Once a whore, always a whore, huh, Gwin? She used to despise old women who clung to their lost youth by their lacquered fingernails. Now she was one. Part of her wanted to seduce Brant just to prove to herself that she still could. But she didn’t want to seduce Brant. It had been years since she’d taken a man to her bed. For all the thousands of times it had been work, there had been times she’d liked or admired her lover of the moment. And there had been Durzo. The night they conceived Uly, he’d been so blasted on mushrooms that he hadn’t been much of a lover, but to have the man she loved share her bed had filled her to overflowing. She was so shot through with love and grief that she’d wept during their lovemaking. Even in his drugged state, Durzo had stopped and asked if he was hurting her. After that, it had taken all her skill to bring him to completion. Durzo had been a tender man when it came to taking his pleasure.
Now their child was being raised by Kylar and Elene. It was the only deception she didn’t regret. With those two, Uly would do well.
But she was tired of deceit. Tired of taking and never giving. She didn’t want to seduce Brant. She knew he wanted her, and his wife was probably dead. Probably, but he couldn’t know.
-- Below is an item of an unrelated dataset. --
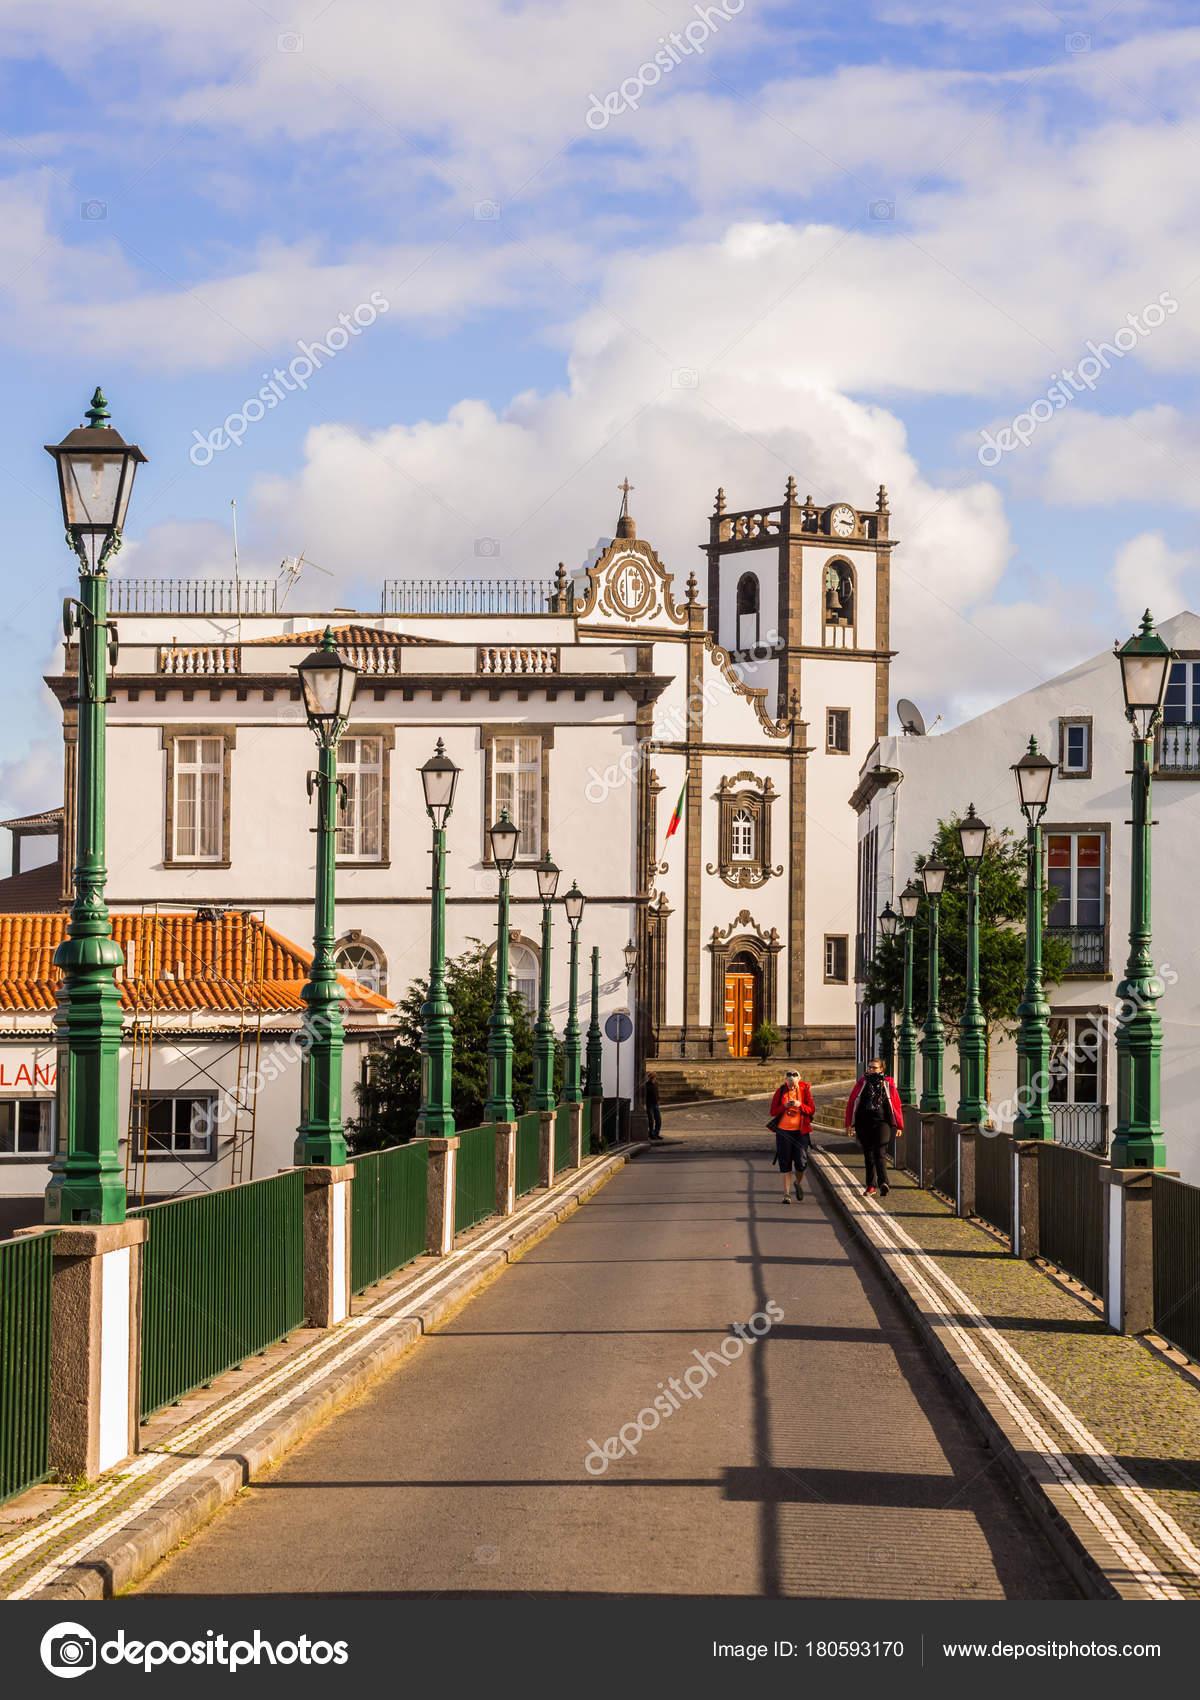 nordeste a ores portugal 1er novembre 2017 nordeste dans le sao photo ditoriale magdalena. Black Bedroom Furniture Sets. Home Design Ideas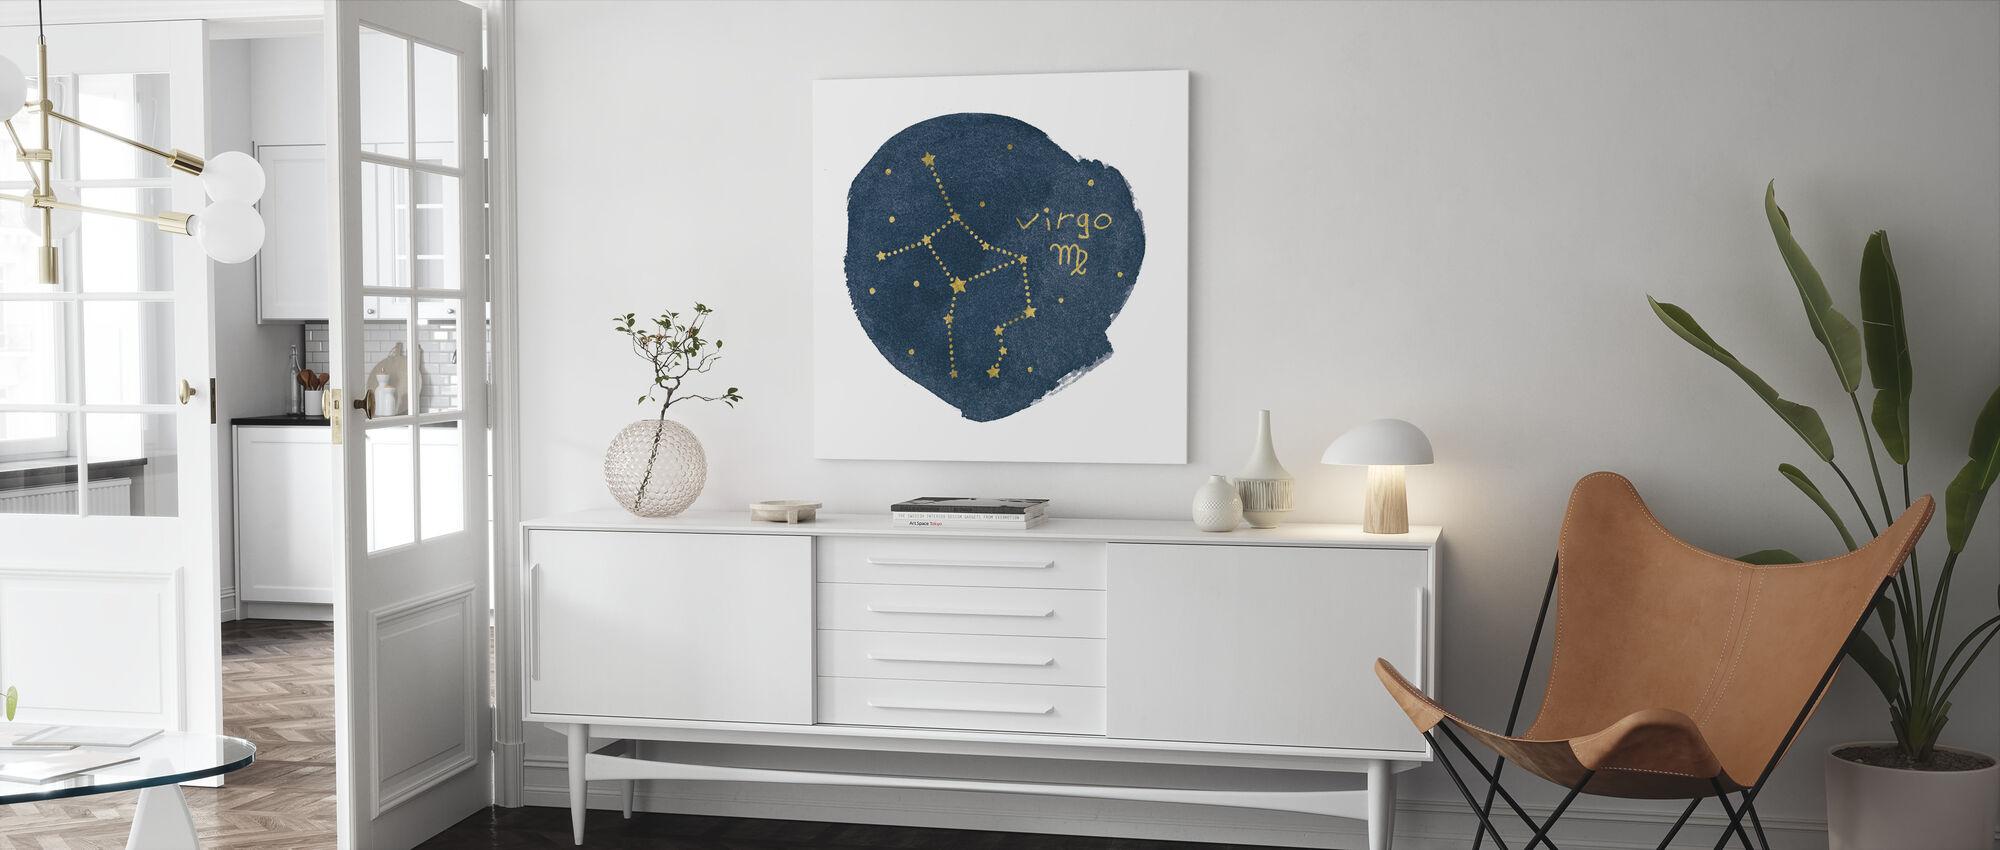 Horoscope Virgo - Canvas print - Living Room

Wouldn’t know. Ever. How long would a man like Brant Agon wait for the woman he loved?
Forever. That’s the kind of man he is.
Thirty-some years ago, they’d met at a party, her first ever at a noble’s home. He’d fallen instantly in love with her and she’d allowed him to court her, never telling him what she did, what she was. He’d been gallant, confident, determined to make his mark on the world, and so sweetly careful in his courting that he hadn’t asked her for a kiss for a month.